(AIM OF THE TASK): Your task is to write out every line of the data exactly. Drop the pictures.

(DATA SEGMENT):
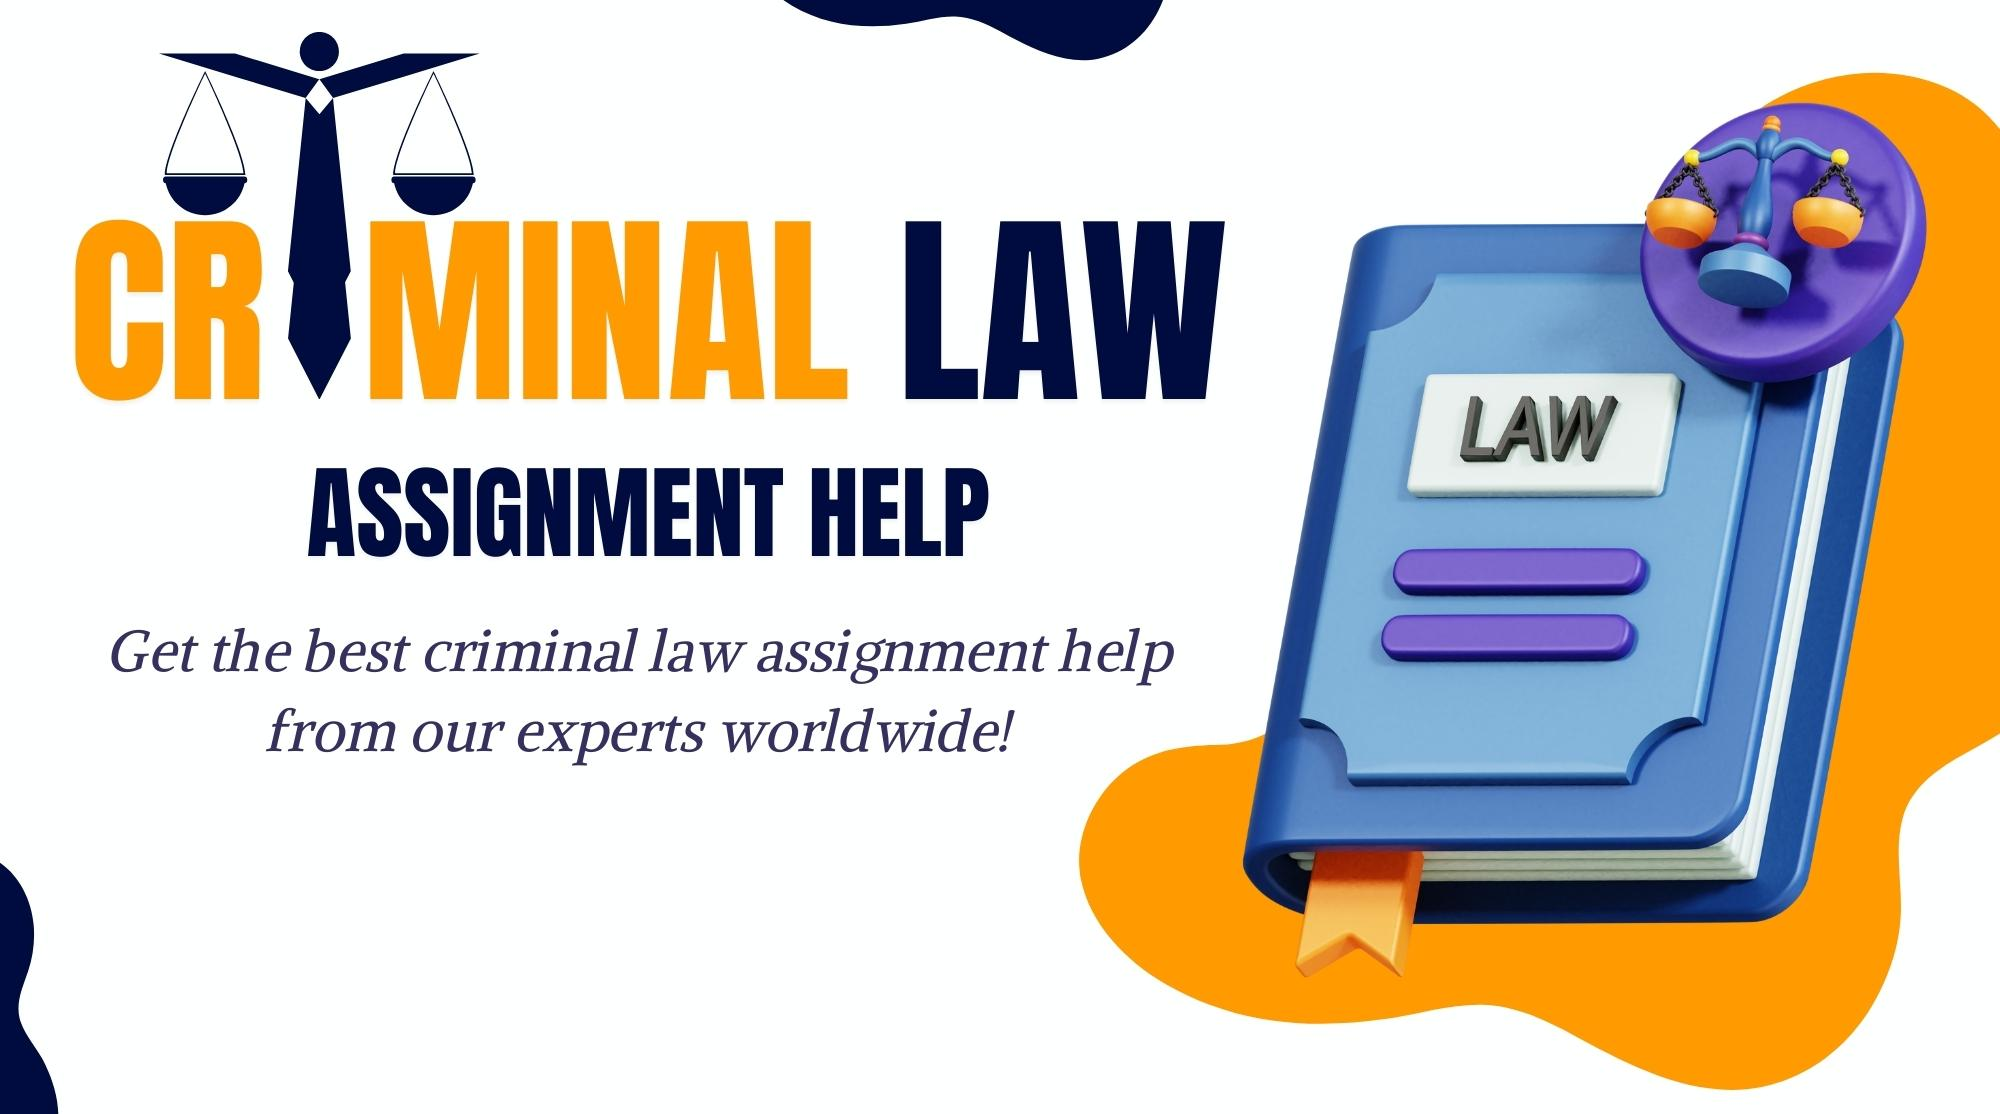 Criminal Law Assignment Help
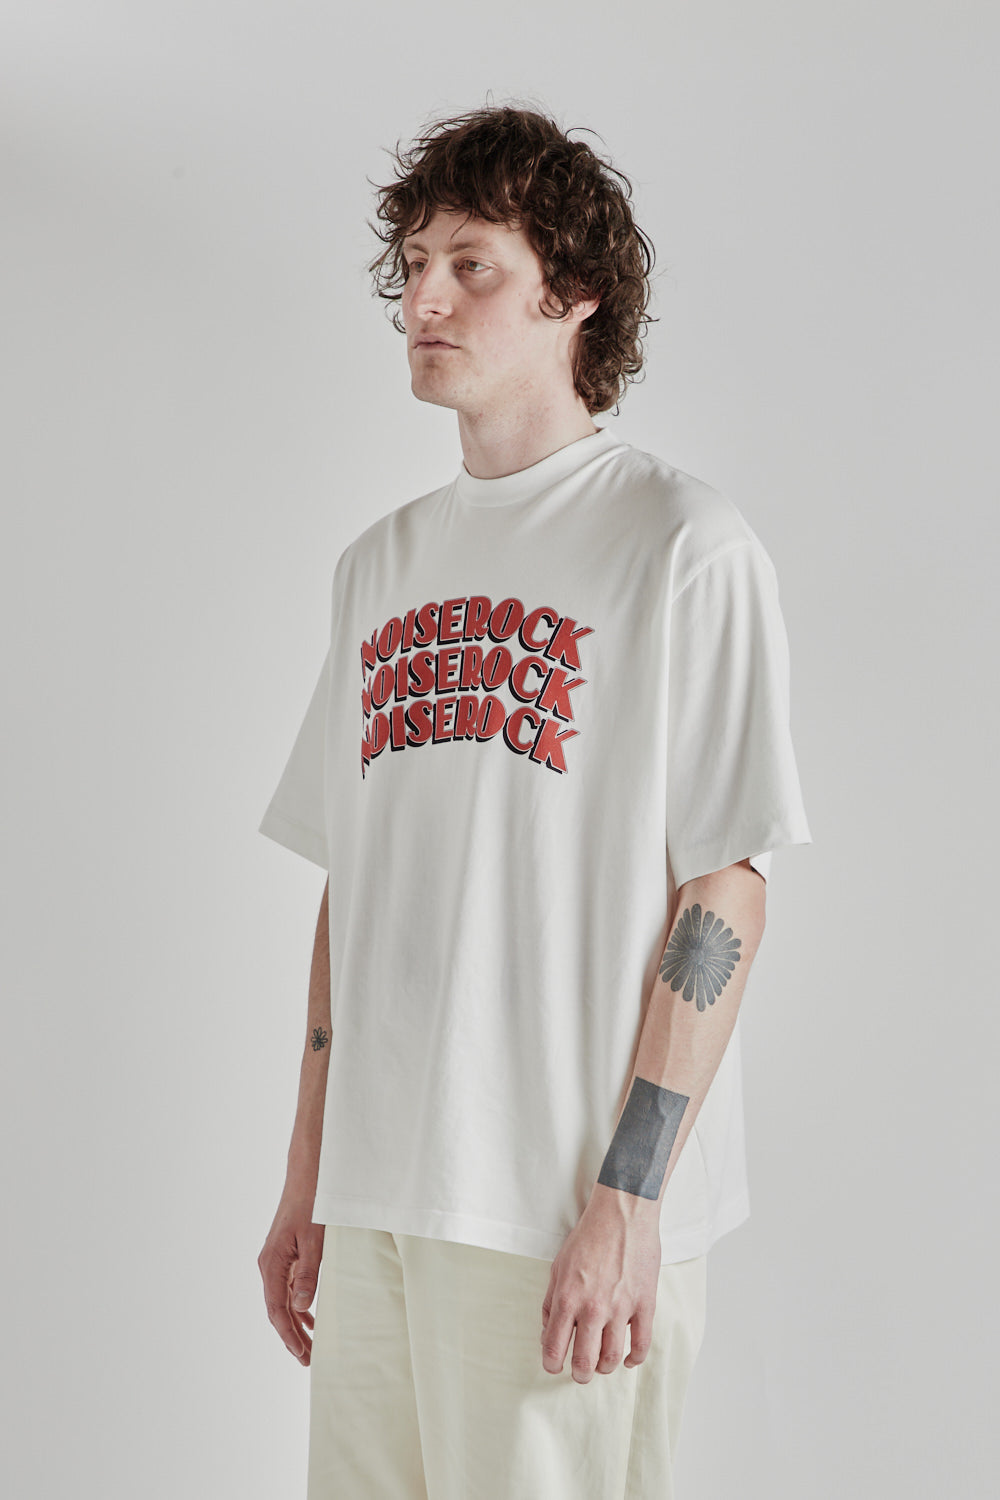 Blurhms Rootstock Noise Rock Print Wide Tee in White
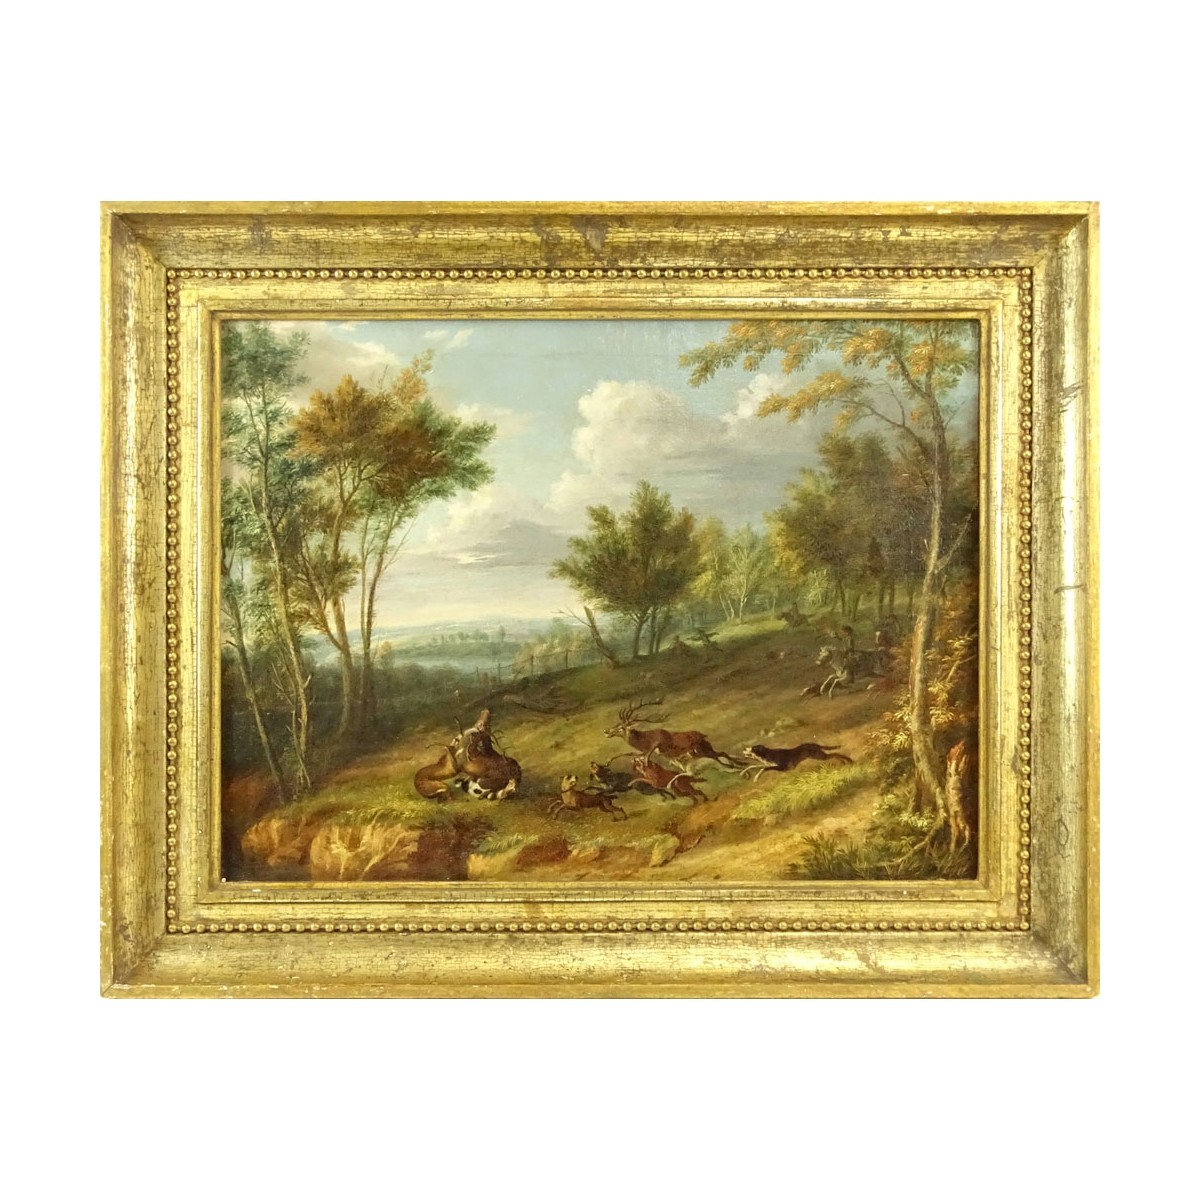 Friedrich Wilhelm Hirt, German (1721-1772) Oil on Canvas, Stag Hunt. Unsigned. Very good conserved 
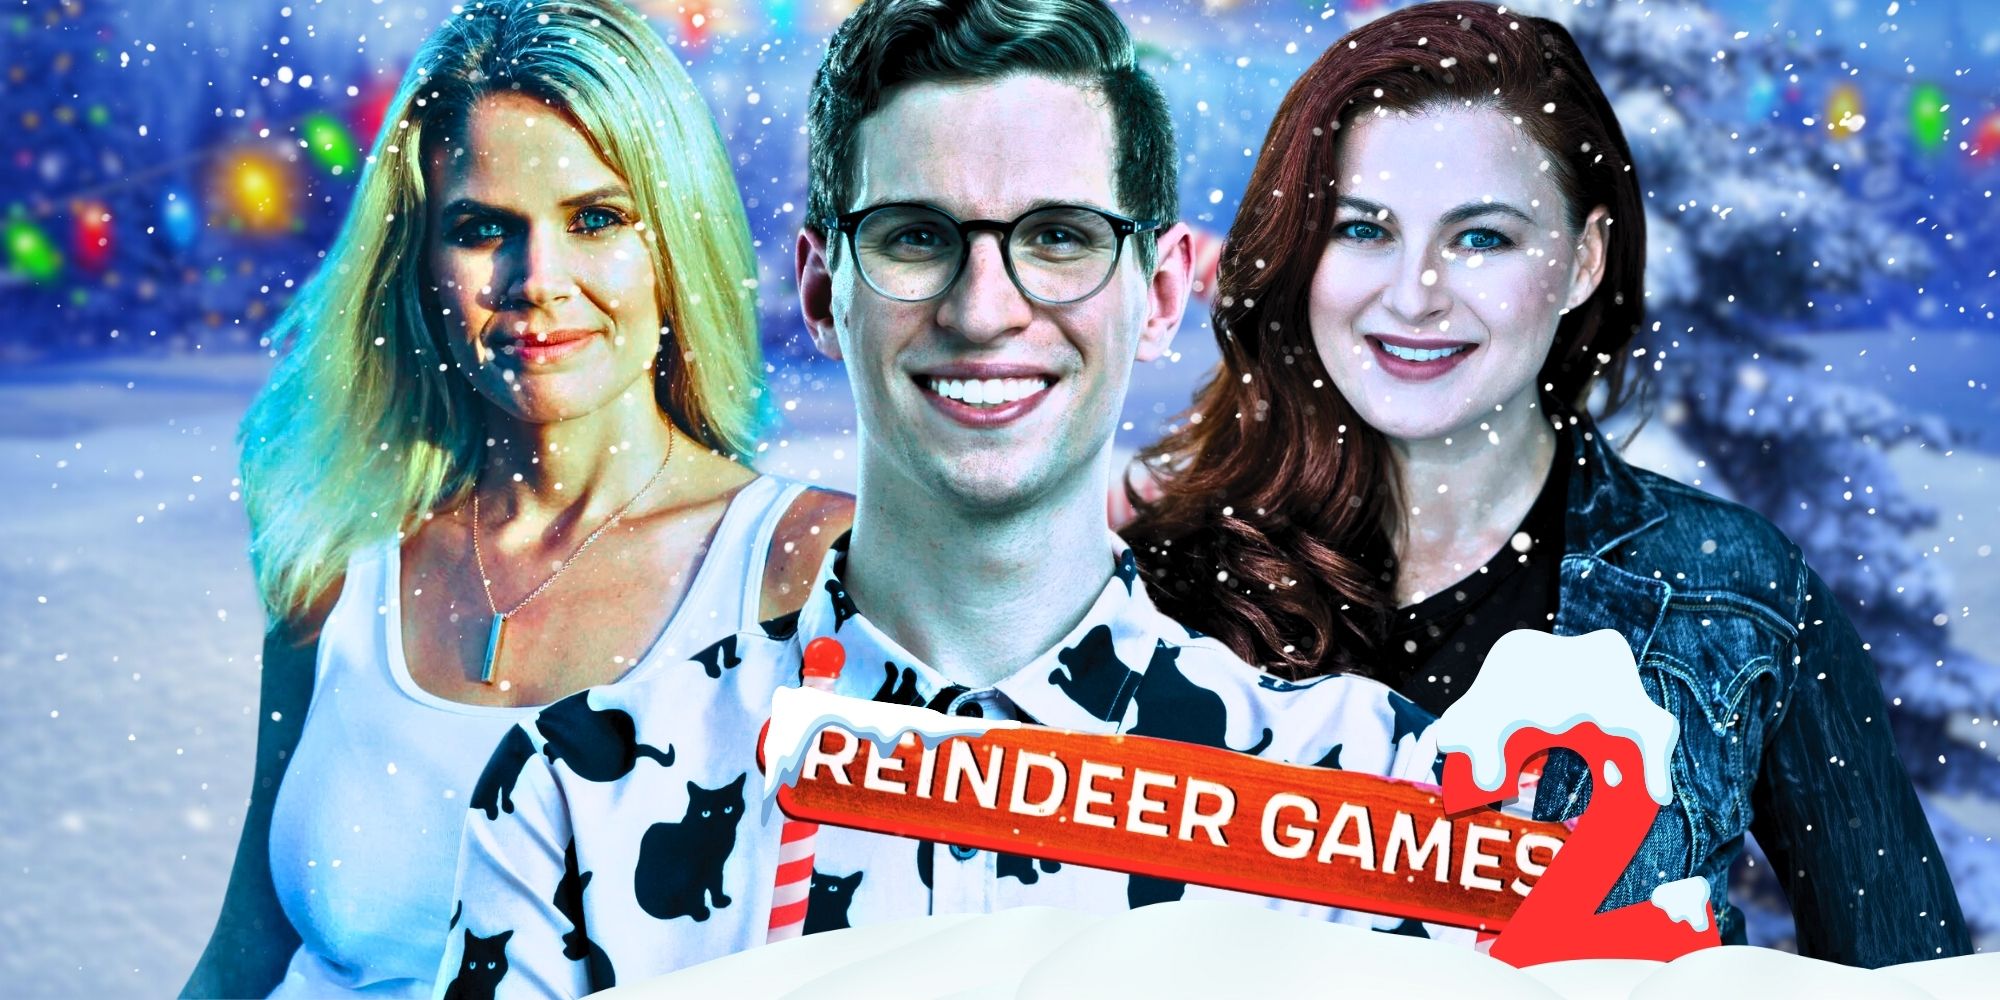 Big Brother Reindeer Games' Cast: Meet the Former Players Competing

(YOUR RESPONSE):
 Criminal Law Assignment Help
 Blurhms Rootstock Noise Rock Print Wide Tee in White
 Friedrich Wilhelm Hirt, German (1721-1772) Oil on Canvas, Stag Hunt. Unsigned. Very good conserved 
 Big Brother Reindeer Games' Cast: Meet the Former Players Competing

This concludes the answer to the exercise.